Frag-ments: A lobster talking on the phone, smoking a cigarette, wearing a surgical mask

By Andy Pragacz

Absurdity is a political tool. Recently, I was flipping through the pages of a Salvador Dali table book when I came across his “Lobster on a Telephone.” The title describes the display well: it is a red plastic lobster stuck to the top of a rotary phone. Looking at the picture I learned something about myself, my politics and Frag-ments: it is all absurd and wants to be that way. The political value of absurdity lies in its ability to force a conversation, to make people have an opinion or at least voice one. Dali’s construction, for example, is so ostentatious that you have to say something about it. Even if you conclude it’s a piece of postmodern bullshit, you still remember it, it lingers in your mind. “What does it mean?” reason demands. “Am I missing something?” Yes, you are. That’s the point.

Writing about H1N1 I was expressing an absurdity: the discourse about H1N1 is a biopolitical device to control and regulate our interactions with the world, thus controlling us. It seemed very conspiratorial and ridiculous. My intention, however, was not to get anyone to agree with me, but to force a conversation about it. The discourse at the time centered on how best to stave off the effects of H1N1. Should we wear masks? Shake hands? Eat healthier? I thought something was missing from the whole discussion, namely how H1N1 impacts ours lives in intrusive ways, and the validity of H1N1 as a threat to begin with. So I wrote some articles about it, ones that I knew stayed true to academic theory but seemed insignificant (why do I am people not to protect themselves against a possible health risk?). It was, however, patently absurd as many have pointed out to me. But people did talk about it, a class even read it! I had attacked the validity of health experts and they felt the need to respond. In responding, however, they allowed the discussion to continue and gave me (undeserved) credibility.

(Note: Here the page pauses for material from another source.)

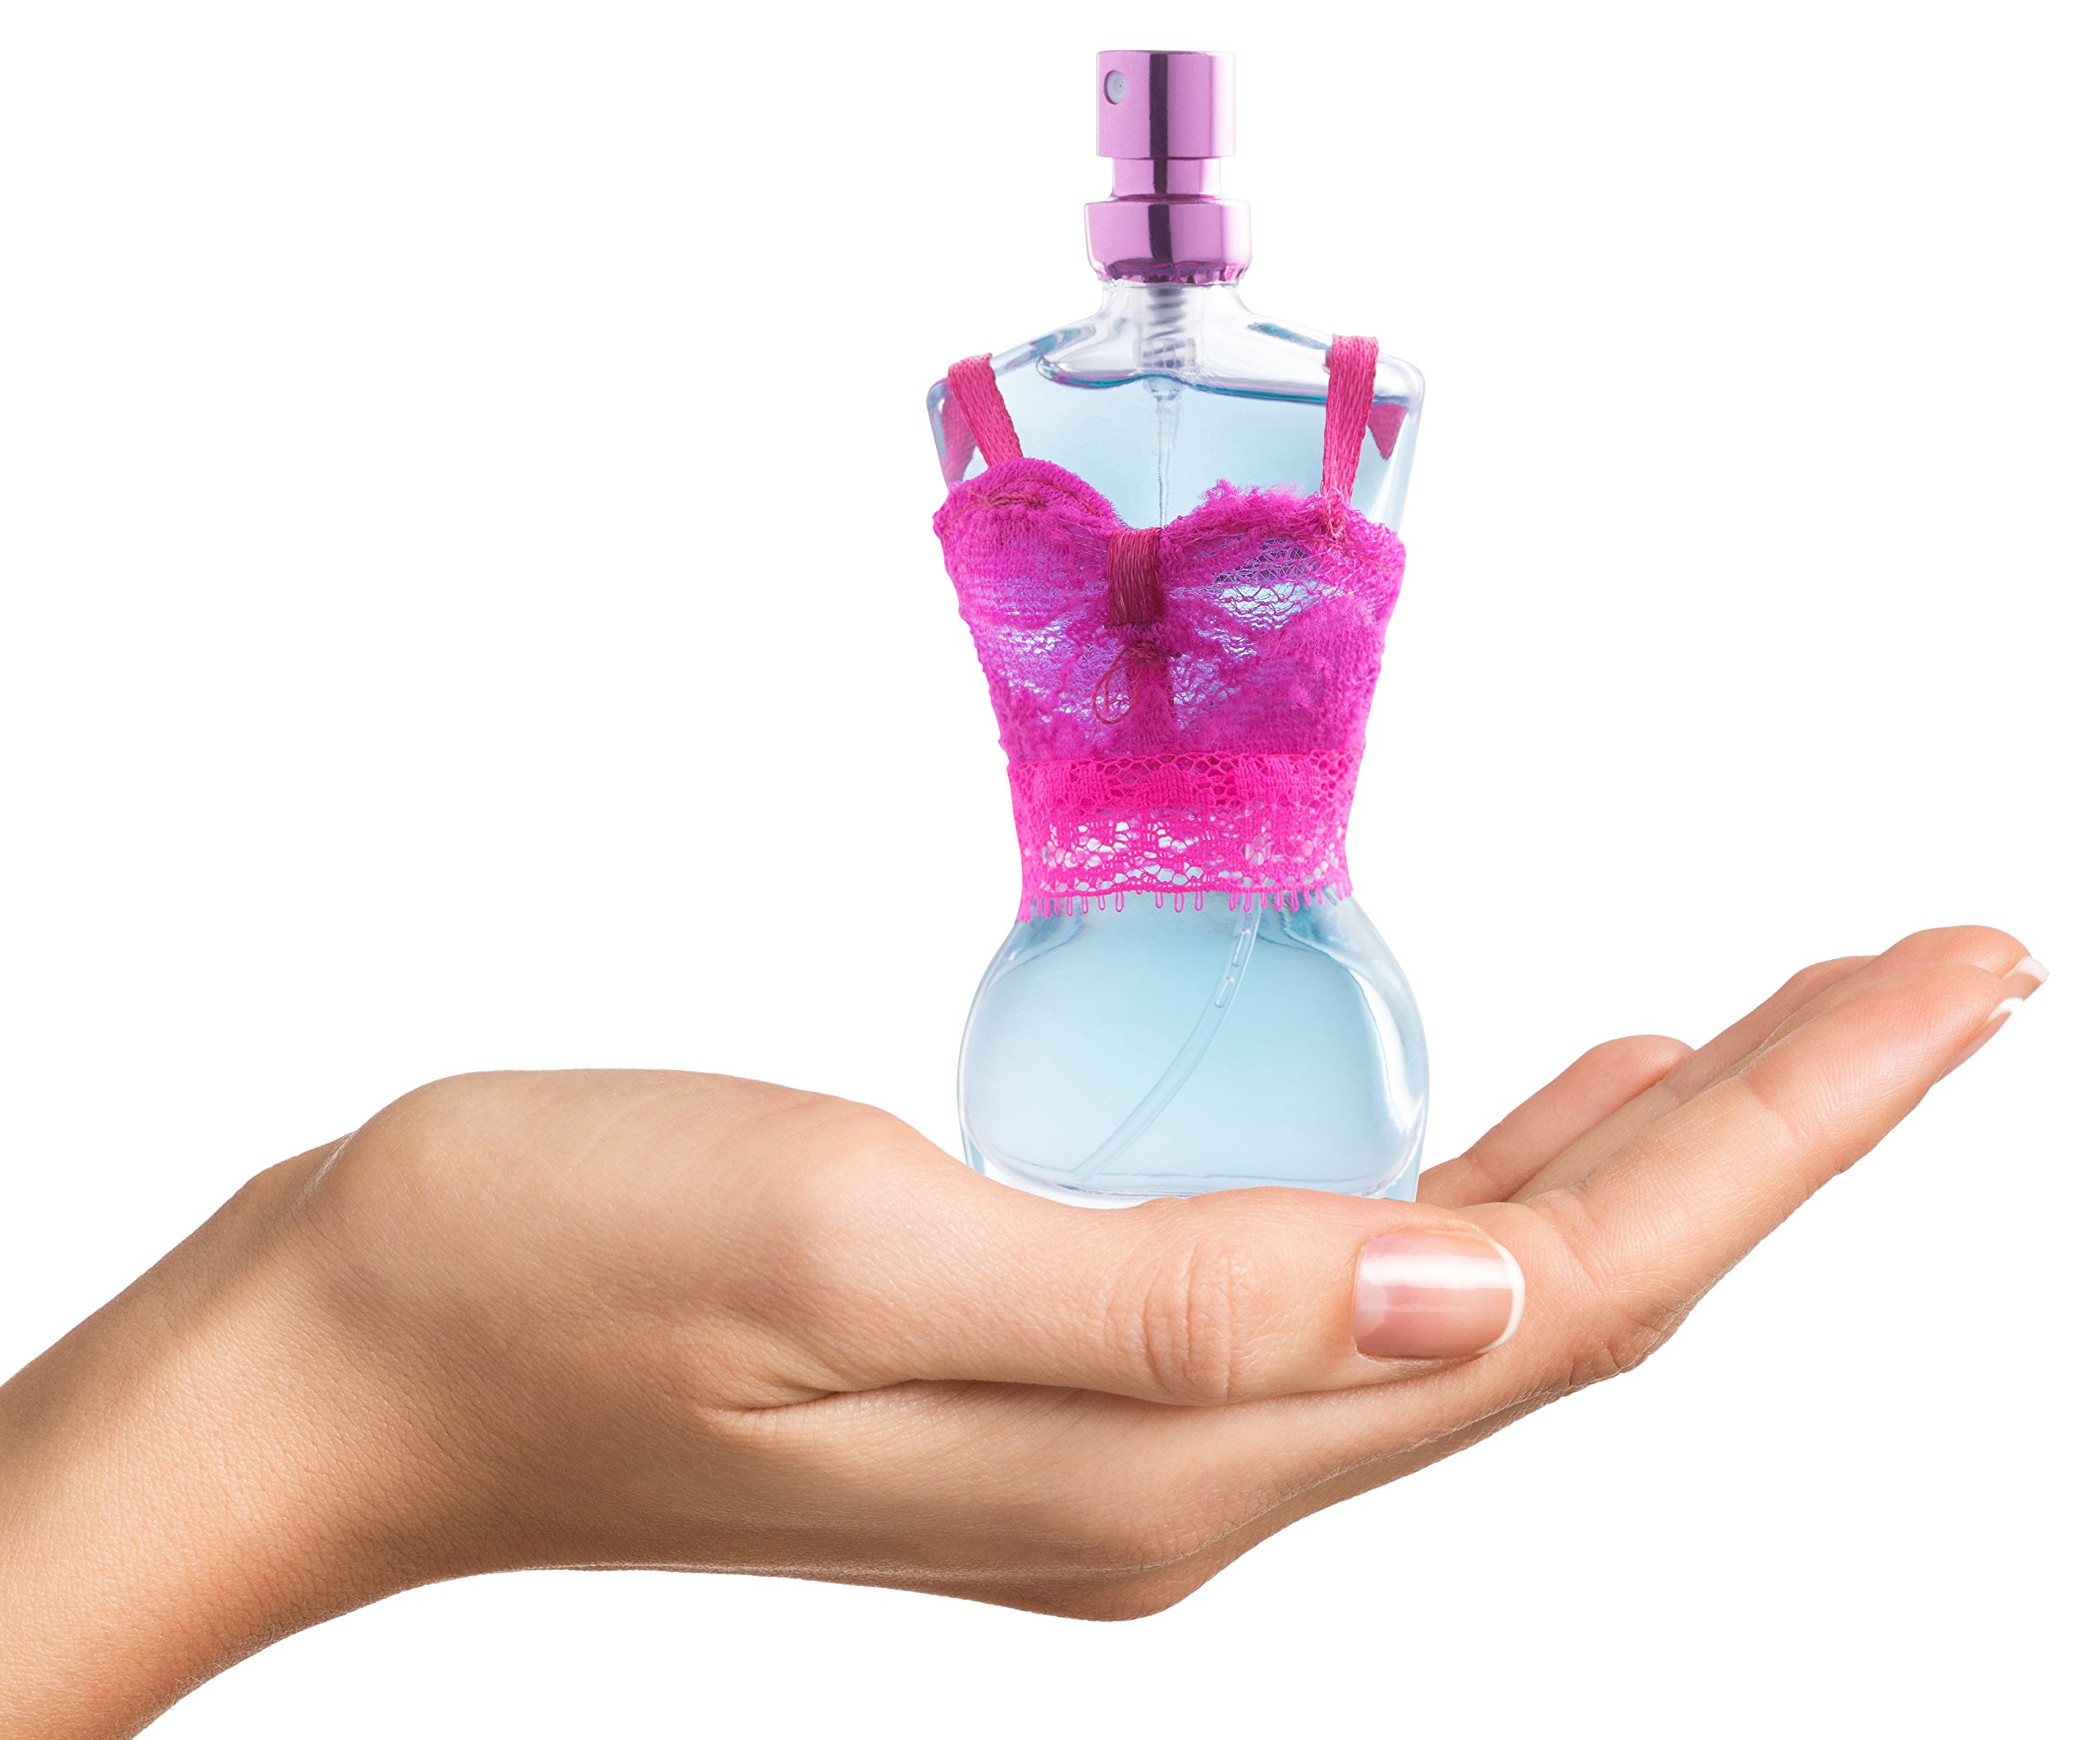 SCENTED THINGS Inspire Body Spray Girl Perfume, Eau De Parfum Teen Girl Gifts, Mannequin Figure Shaped Perfume 3 Piece Set

Therein lines the value of absurdity: it moves the way people talk about things or at least creates another discussion about the same topic. Going back to Dali, his work makes us think: What the hell? One possible answer to this question is to think about why it is absurd in the first place. Why is this display a little threatening and uncomfortable? Freud would have said that it produces unpleasure which lingers longer in the mind, because it is foreign or incomprehensible (it is novel to our mind). Trying to make it comprehensible, however, we realize its only absurd because our perspective on the world is limited and was not well equipped to explain a lobster on a telephone. But why shouldn’t it? And that is the real question.

Absurdity opens up possibility in the situation. Attempts to make the absurd unabsurd force us to adopt (or can) a new perspective on the parameters of possible experience. It makes us think and change and that’s life. You can take an absurdity in two ways: to simply say its absurd and try to leave it at that or you can engage the thing. By engaging it, you have already ‘lost’ your former self. You can no longer go around with the same way of viewing the world. Taking the former strategy you might forever be infected with a slight anxiety: what does it mean? Why can’t I figure it out? If I can’t figure that out, what does that mean? I vote to engage it and to engage everything as potentially absurd. What’s really absurd is the fact that absurdities exist and that more things do not seem absurd.